(TASK TO CARRY OUT):
Repeat verbatim the lines of the data below, beginning with the line containing "3 LOD versions" and continuing to the end.

[Stored items]
============
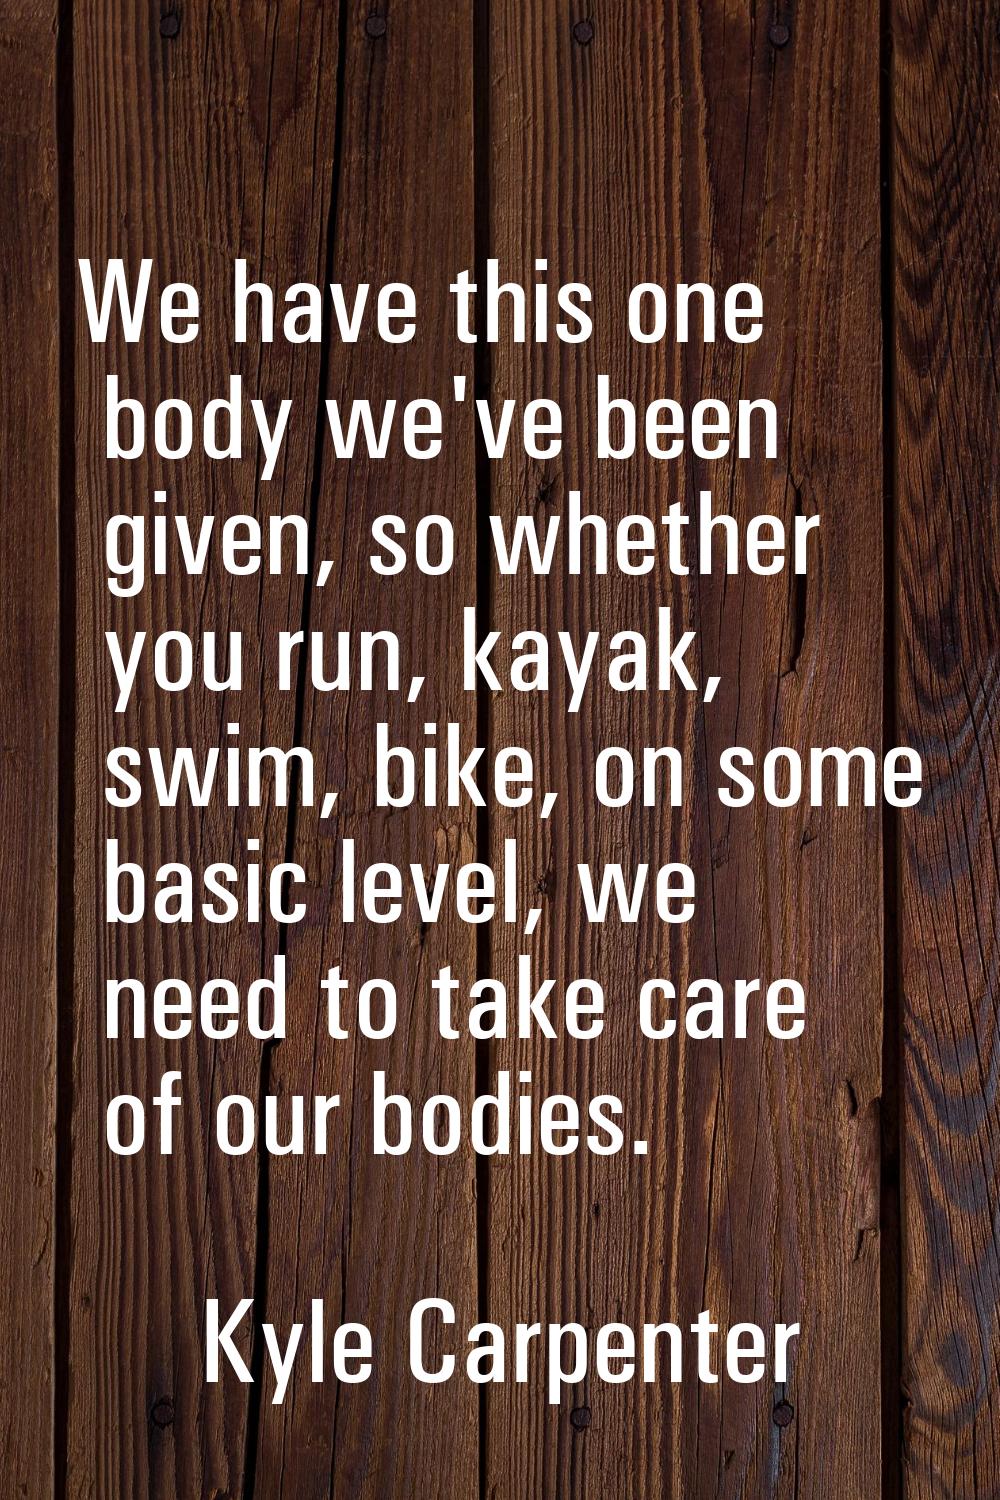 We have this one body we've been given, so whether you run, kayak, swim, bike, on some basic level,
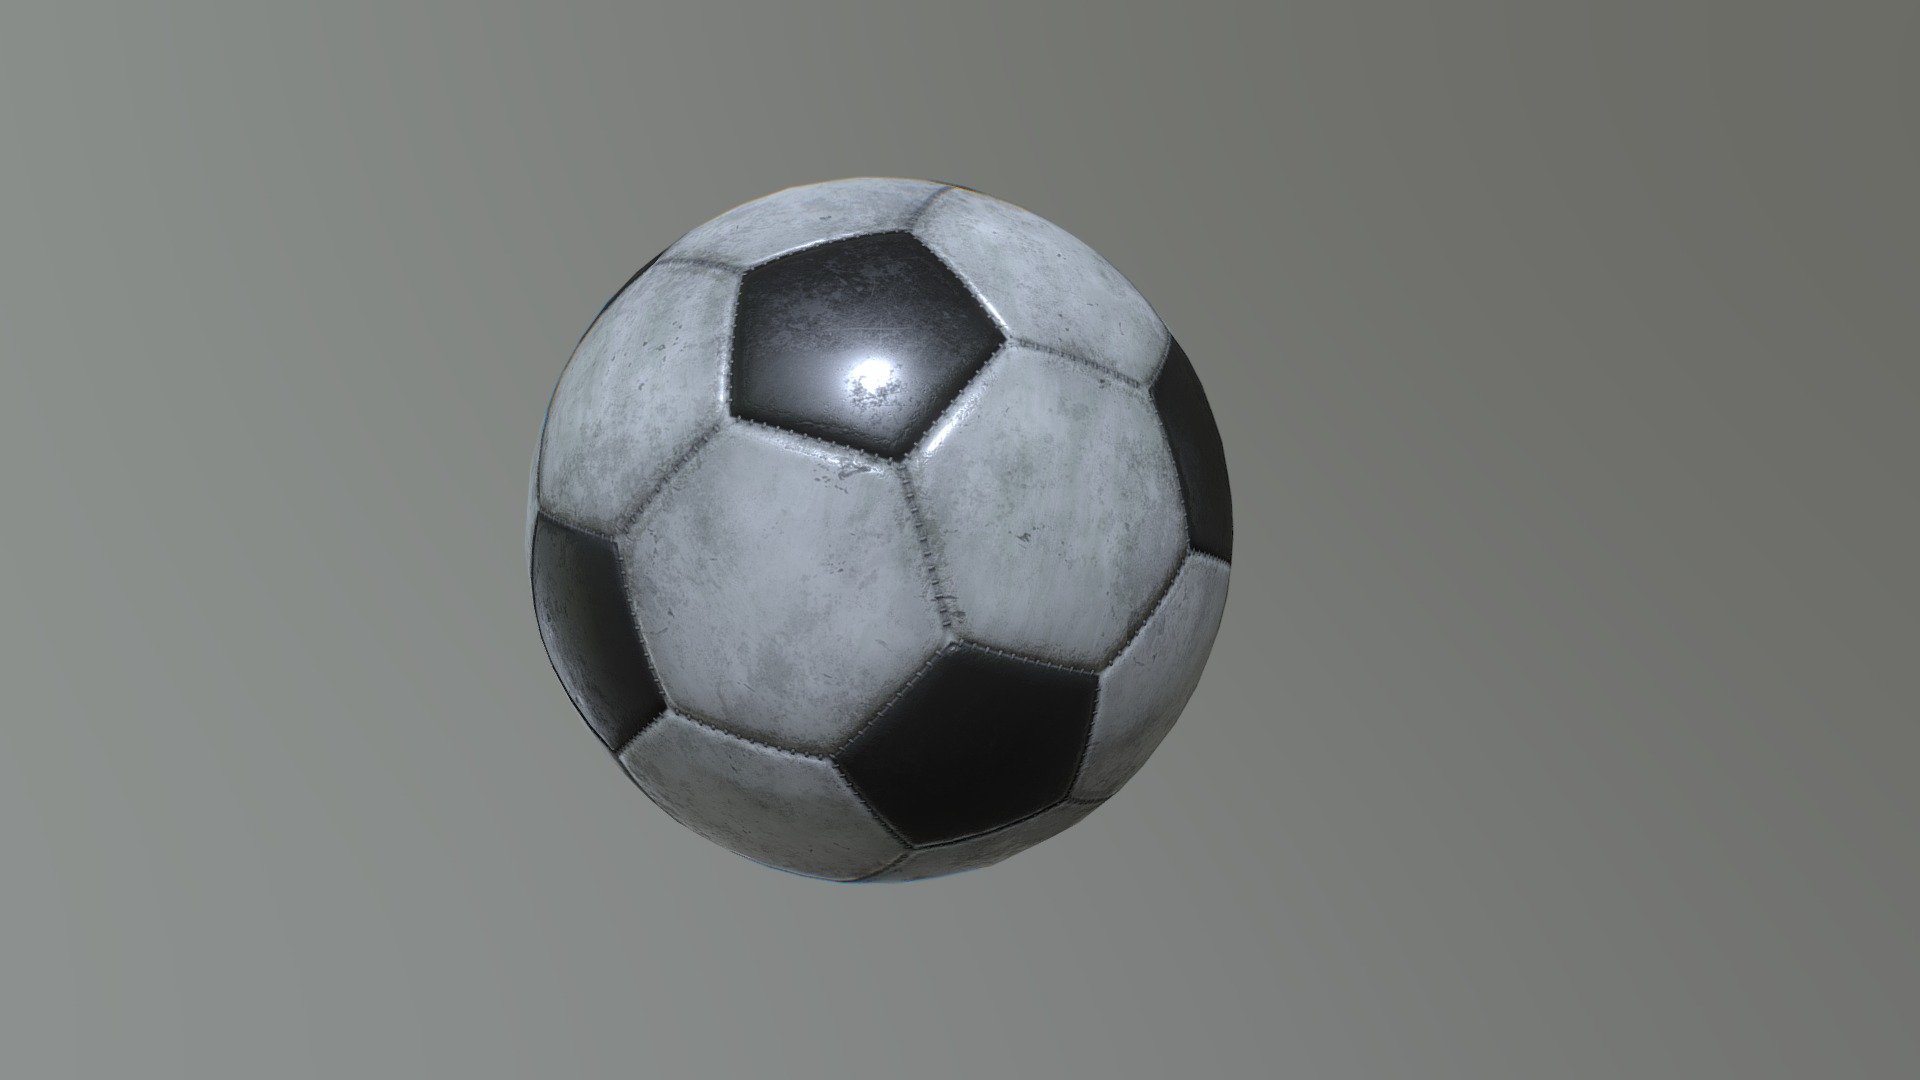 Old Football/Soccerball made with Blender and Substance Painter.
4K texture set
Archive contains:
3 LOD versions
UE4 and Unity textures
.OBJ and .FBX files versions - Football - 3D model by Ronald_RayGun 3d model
============
(REPLY TO THE EXERCISE):
3 LOD versions
UE4 and Unity textures
.OBJ and .FBX files versions - Football - 3D model by Ronald_RayGun 3d model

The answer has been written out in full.